I am not quite sure how that fits in with what I was saying. I am certainly not arguing that there should not be a good returns process; in fact, I have tabled an amendment to that effect later in the Bill.
(8 years, 9 months ago)
Lords ChamberMy Lords, I have my name to the first of this pair of amendments, but I congratulate the noble Lord, Lord Hylton, on picking up some specifics from the report and spelling them out in his Amendment 134B. We must all thank James Ewins, who was promoted in my speech at Second Reading, according to the Official Report, to coming from the UN rather than Ewins—not an inappropriate promotion. We must also thank the organisations which gave evidence, which have worked so hard for so long and provided so much support to this group of workers.
I was not entirely clear from the speech of the noble Lord, Lord Rosser, whether he and his party are behind the Ewins recommendations. His tone was certainly warm and supportive, but it may be that when I read his speech I will detect whether they would like them implemented in whole or in part. The Liberal Democrats regard the report and its recommendations as clear, considered, compassionate and to be implemented.
I will not repeat the arguments that have been made, with which I agree very much, but it is telling that Mr Ewins says that,
“this review has not taken such previous proposals as a starting point”,
but,
“has deliberately gone back to first principles and applied those principles to the evidence currently available. The fact that the conclusions accord to a considerable extent”—
not completely—
“with previous recommendations adds further weight to the argument in favour of the changes proposed”.
I, too, look forward to hearing how the changes he proposes are to be implemented.

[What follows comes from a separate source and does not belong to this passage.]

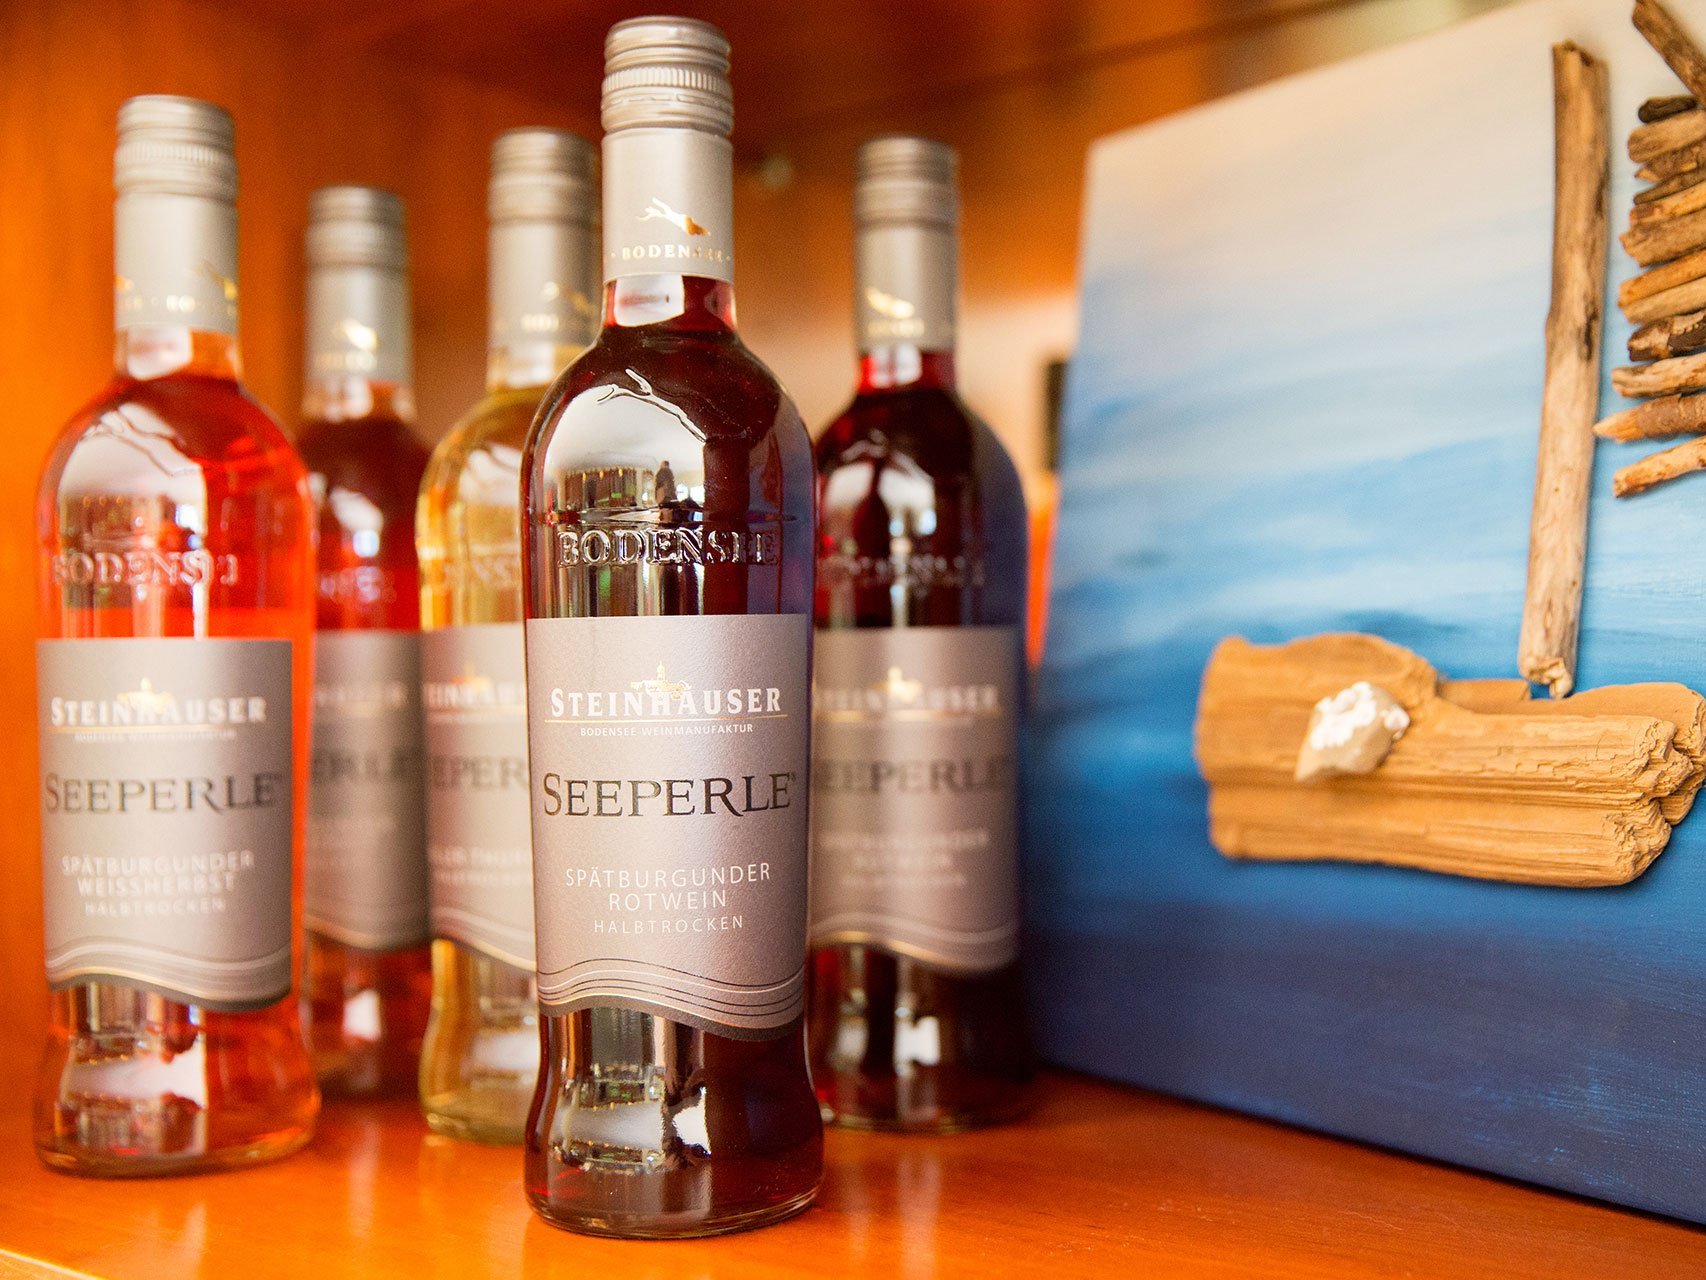 Mehrere Flaschen Rotwein aus dem Hottel Seeperle stehen nebeneinander im Regal.

My Lords, I share the condemnation of domestic slavery, which I am sure is shared by all Members of this House, and I strongly support those organisations that seek to help such workers. In doing so, I speak with some experience on the ground. I was the consul in Abu Dhabi and the consul-general in Saudi Arabia, which is where 50% of these applications come from.
Let me start, then, by welcoming the Modern Slavery Act, which seeks to tackle the worst cases of abuse, providing advice and support for those who seek to escape. However, what is now proposed goes well beyond that. The independent reviewer seems to be suggesting that any domestic servant who is not satisfied with his or her conditions will be able to change employer and then remain in the UK working legally for, I think he says, two years—others say without time limit. At the end of that period, he supposes, I think, that they would simply pack up and go home to their impoverished home country. That seems a very unlikely outcome. It is far more likely that they will continue to work here—illegally, if necessary—so that they can continue to send money home. In many respects, that is understandable, but we must recognise that if that situation were to develop, word would spread very quickly among domestic workers in a number of source countries and it would not be very long before we had a significant loophole in the immigration system.

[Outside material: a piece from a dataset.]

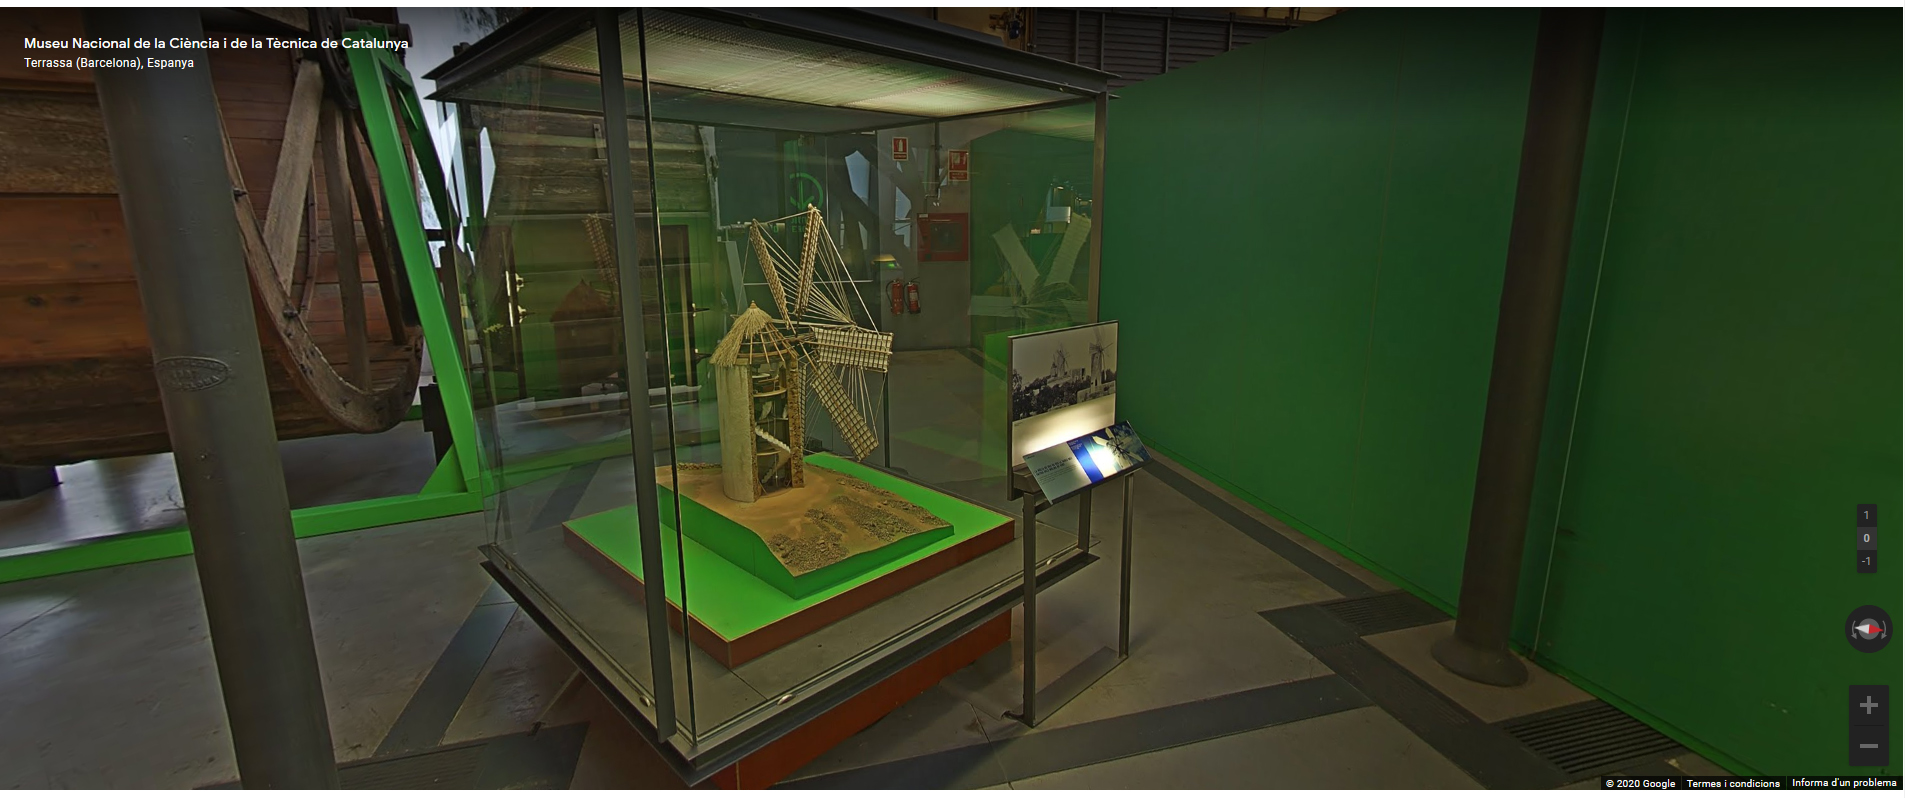 Visita virtual al Museu de la Ciència i la Tècnica de Catalunya

I do not think that I understand the noble Lord’s point.
My Lords, I think that my question to the noble Lord may be the same as that asked by the noble Lord, Lord Hylton. The noble Lord said that he knows that currently employers bring in domestic servants but lose them because they go on to other employment. If they come in on a tied visa, how can that be?

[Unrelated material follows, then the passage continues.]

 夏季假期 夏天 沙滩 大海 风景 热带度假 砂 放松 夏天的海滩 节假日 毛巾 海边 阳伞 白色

Well, they come in on a tied visa and then they do a runner and go and work for somebody else. The employer then goes back to his home country and puts in a visa next year for a new servant; he will claim, no doubt, that the servant has been working for a year, because that is one of the requirements, and come with his next servant. So the numbers will certainly increase. If you produce a loophole in these matters, they will increase very fast.